%%

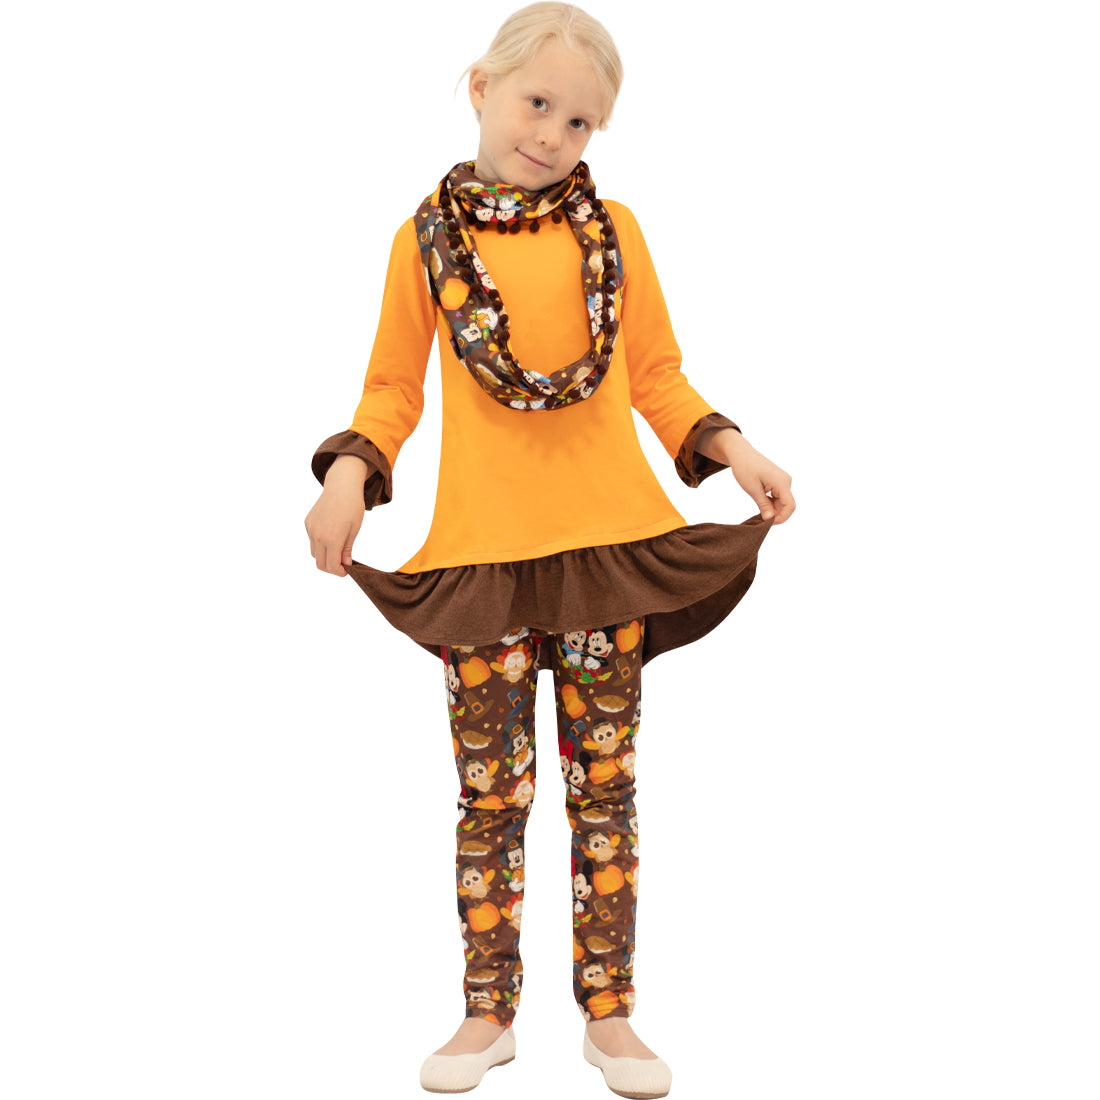 Baby Girls Fall Winter Thanksgiving Minnie Mouse Inspired Give Thanks Outfit Set With Scarf - Brown/Orange - Angeline Kids
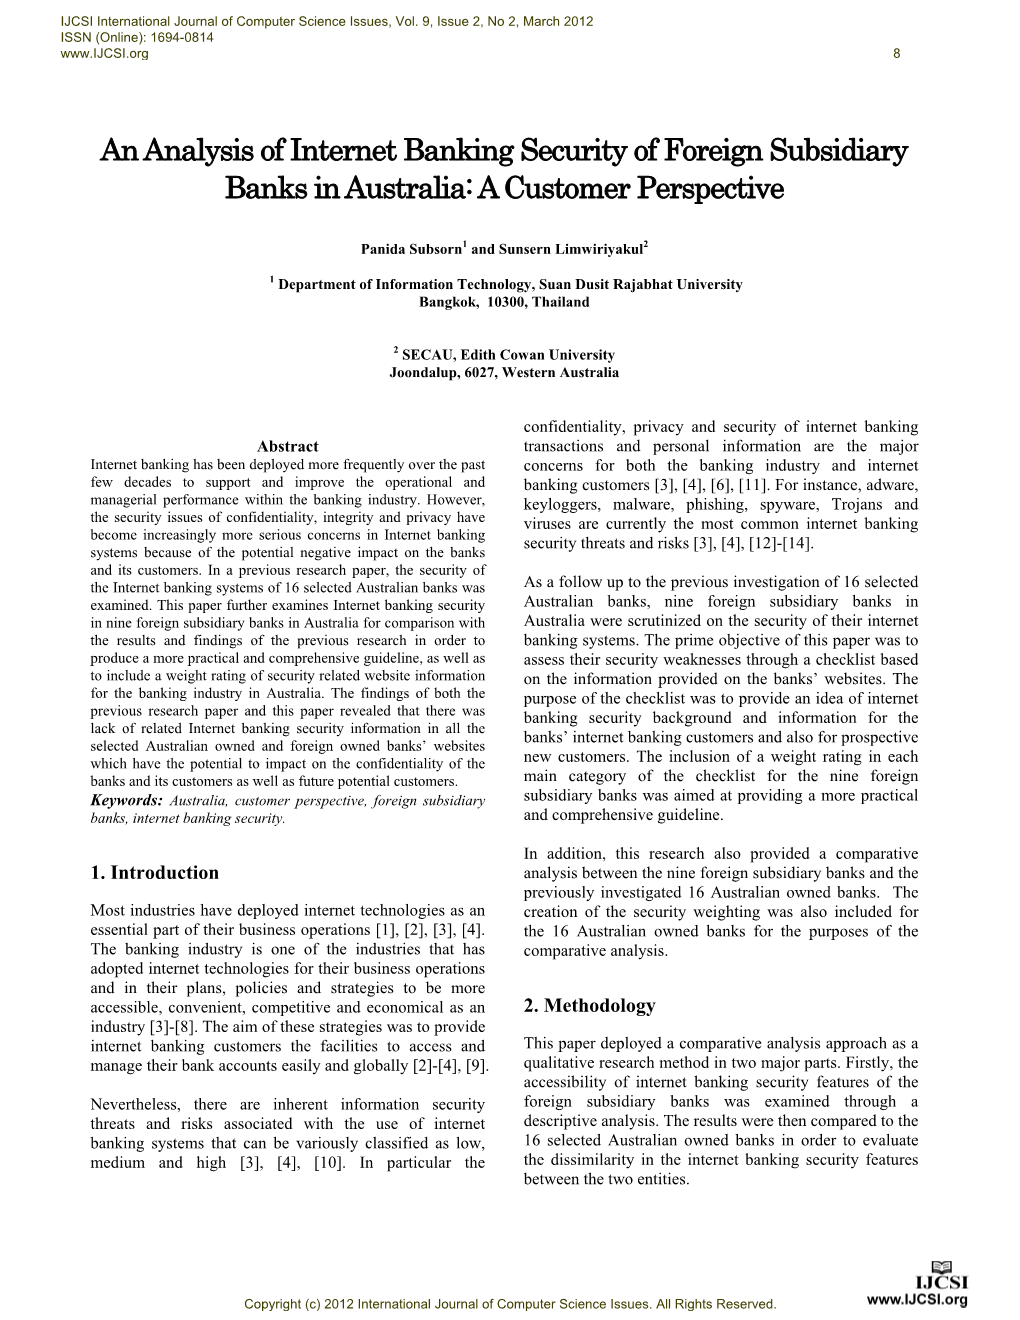 An Analysis of Internet Banking Security of Foreign Subsidiary Banks in Australia: a Customer Perspective
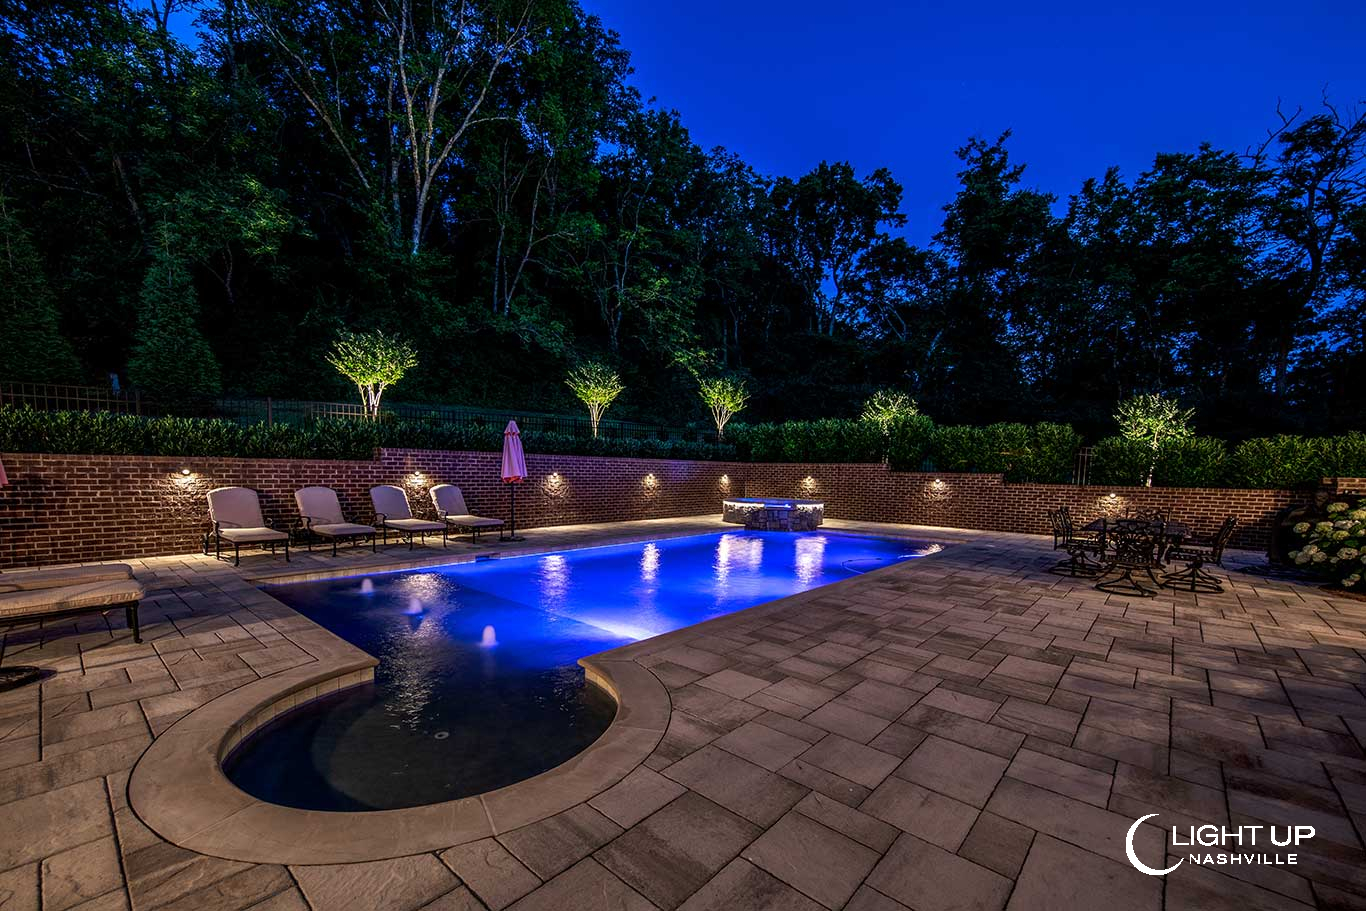 Extend Your Time outside with Outdoor Lighting Services
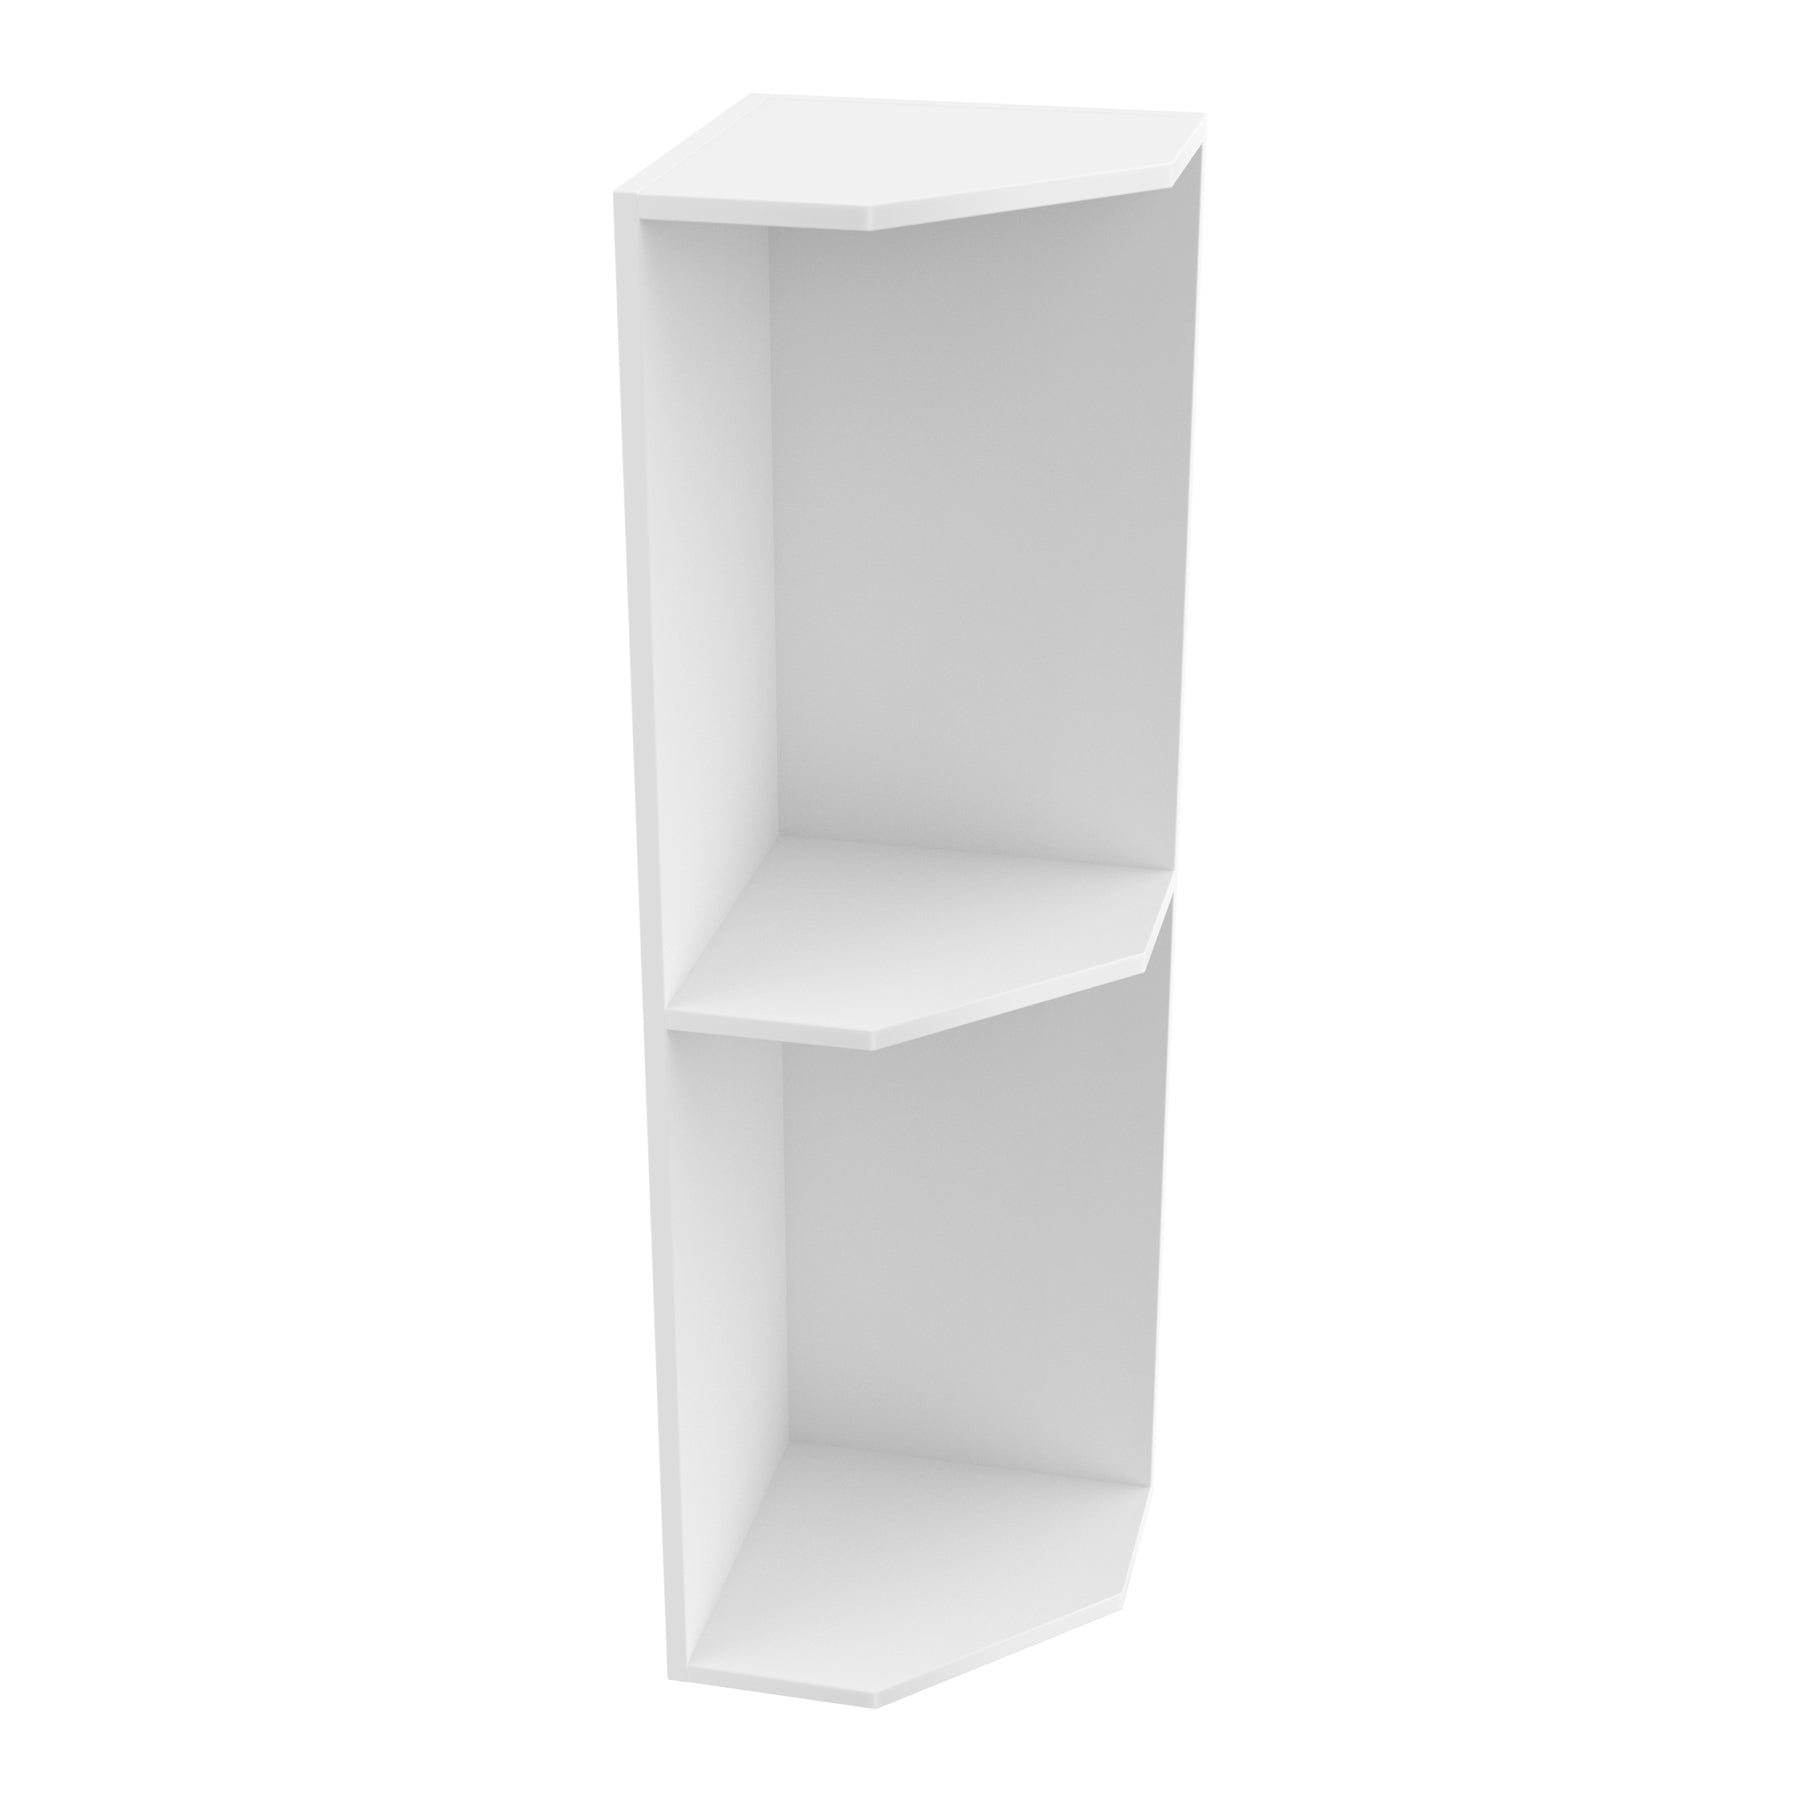 Wall Cabinet - RTA - Lacquer White - End Wall Shelf Cabinet | 12"W x 42"H x 12"D

%%

**WHAT IS EXPECTED:** Word for word, repeat the material above and drop the pictures.

**ANSWER FOR THIS EXERCISE:**
 Baby Girls Fall Winter Thanksgiving Minnie Mouse Inspired Give Thanks Outfit Set With Scarf - Brown/Orange - Angeline Kids
 An Analysis of Internet Banking Security of Foreign Subsidiary Banks in Australia: a Customer Perspective
 Extend Your Time outside with Outdoor Lighting Services
 Wall Cabinet - RTA - Lacquer White - End Wall Shelf Cabinet | 12"W x 42"H x 12"D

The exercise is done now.